George Saunders schrieb „Die kurze und schreckliche Regentschaft von Phil“ bereits 2005. Was er darin fantastisch-parabelhaft erzählt, bleibt höchst aktuell.

Er wollte den „Wesentlichen Menschlichen Defekt“ isolieren und sichtbar machen, „der in allen Exzessen unserer Geschichte“ steckt, und dachte dabei abwechselnd an „den Holocaust, den Nahostkonflikt, den Völkermord in Ruanda, unseren Krieg im Irak, verschiedene fremdenfeindliche Tendenzen im Kielwasser von 9/11 in den USA und so weiter.“ Als Destillat dieses „Defekts“ erschuf der US-amerikanische Schriftsteller George Saunders „aus dem Sprachschatz der Schrecken des 20. Jahrhunderts“ die literarische Figur des Phil: Dieser sieht sich als Star und Mittelpunkt von allem und versucht, „den Zustand des Gewinnens dauerhaft zu machen“. Der Vielredner weiß sein Publikum zu umschmeicheln und kann es daher auch für einen gefährlichen Traum überzeugen, nämlich jenen „von einer einfacheren Welt, die sich der Notwendigkeit entledigt hat, andere Standpunkte in Betracht zu ziehen“.
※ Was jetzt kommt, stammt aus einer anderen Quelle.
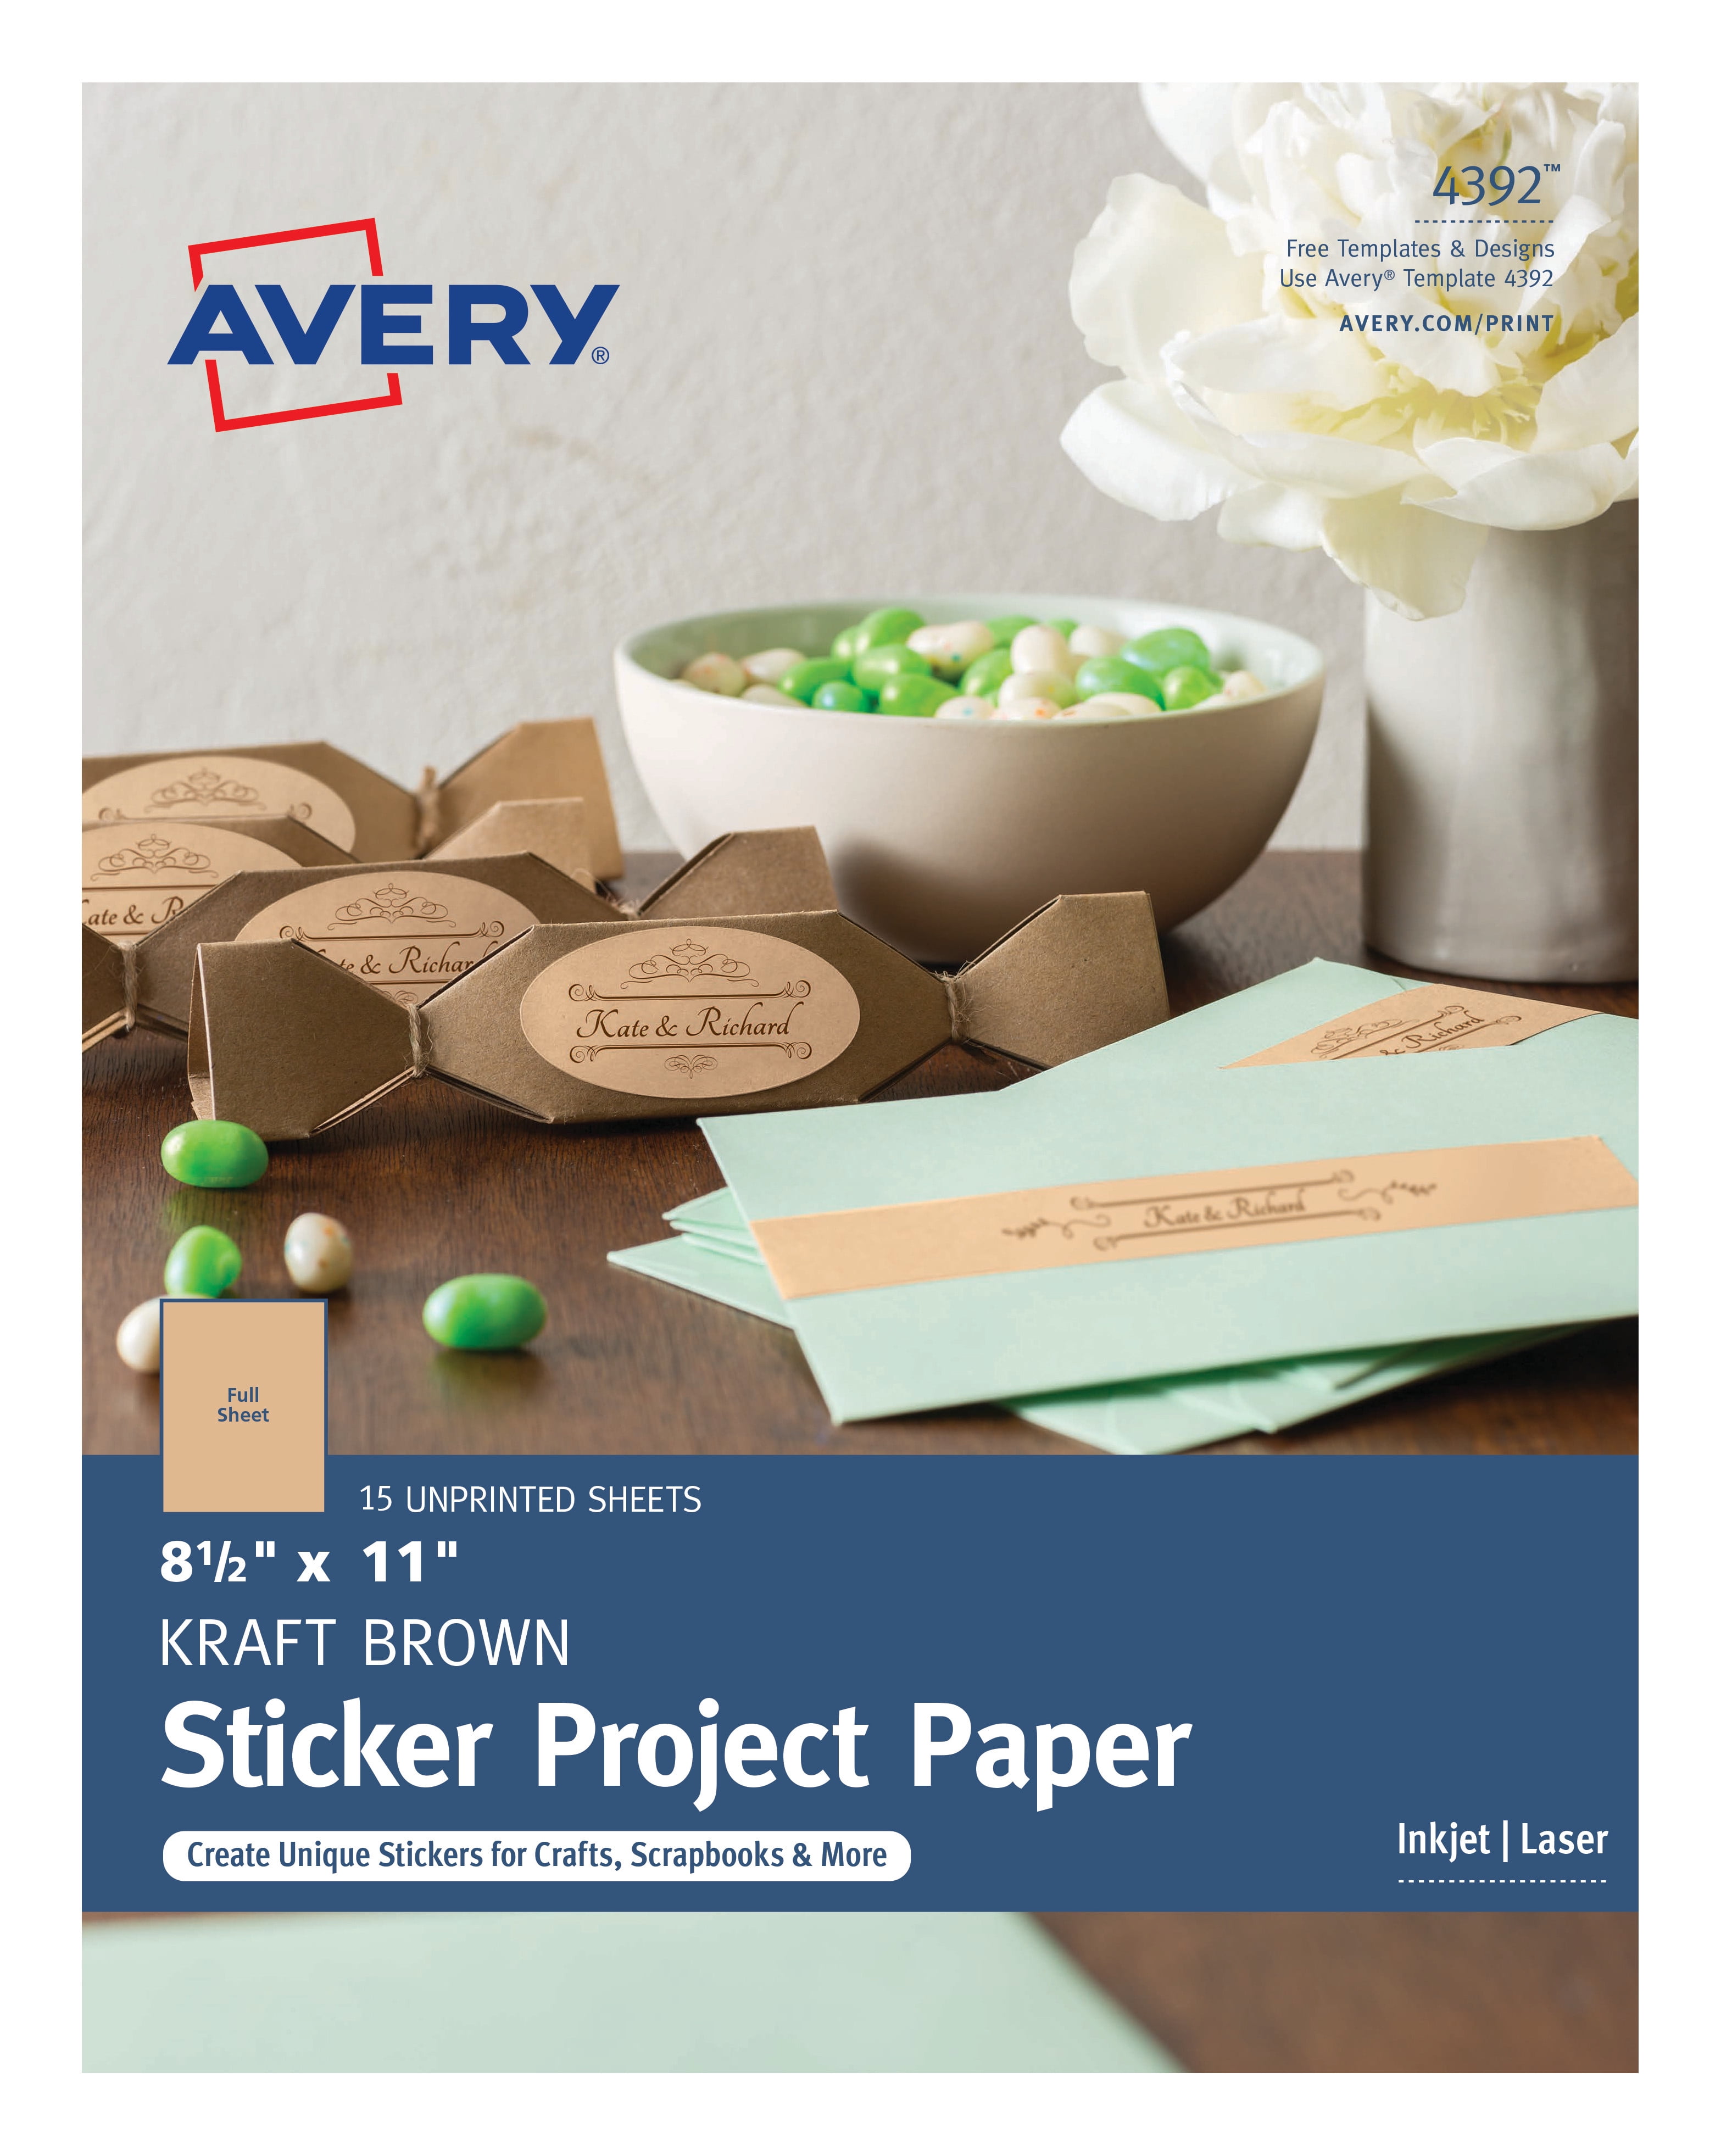 Avery Reinforcement Labels, 1/4 Diameter, Permanent Adhesive, Assorted  Metallic Colors, Non-Printable, 12 Packs, 3,360 Page Reinforcement Stickers  (21920)

Solche Phils stecken aber nicht nur in Tyrannen und Diktatoren, sondern in jedem von uns, schreibt George Saunders in seinem Nachwort zur bereits 2005 im Original erschienenen Erzählung „Die kurze und schreckliche Regentschaft von Phil“. „Es sollte also in jedem Herzen eine kleine Statue des Egos geben, mit dem Schild ‚Monster‘.“ Der Autor habe versucht, schreibend nachzuvollziehen, wie prinzipiell gute Menschen unter Stress böse werden. Und: „Ich versuchte, mir die Medien anzuschauen, die politischen Strukturen, die Art und Weise, wie Machthaber abgelöst wurden und so weiter. Das sind die Nebenfiguren im Buch – die Berater und Besonderen Freunde, die Presse und der arme, abgesetzte Präsident von Außen-Horner.“

Die kurze und schreckliche Regentschaft
Luchterhand

Erklärung nicht nötig

Man hätte Saundersʼ ausführliche Erklärung, die der soeben erschienenen deutschsprachigen Ausgabe seiner Erzählung angefügt wurde, nicht gebraucht. Möglicherweise wollte der Autor mit dem Verweis, dass die Erzählung bereits zur Zeit von George W. Bush geschrieben worden ist (und damals auch nicht als Satire auf Bush gedacht war), deutlich machen, dass sie eben keinen Kommentar ausschließlich zu Donald Trump darstellt und dass, was hier verhandelt wird, immer und überall geschehen kann. Aber gerade das erzählt seine Literatur ohnehin selbst, etwa indem weder ein realer Ort genannt wird noch eine Zeit, die unseren Koordinaten entspräche. Die beinahe predigende Moral von der Geschicht’, die Saunders – teils in Wir-Form – in seinem Nachwort liefert, führt Literatur eher in die Enge, als dass sie ihr den Möglichkeitsraum ließe, den sie eigentlich schafft.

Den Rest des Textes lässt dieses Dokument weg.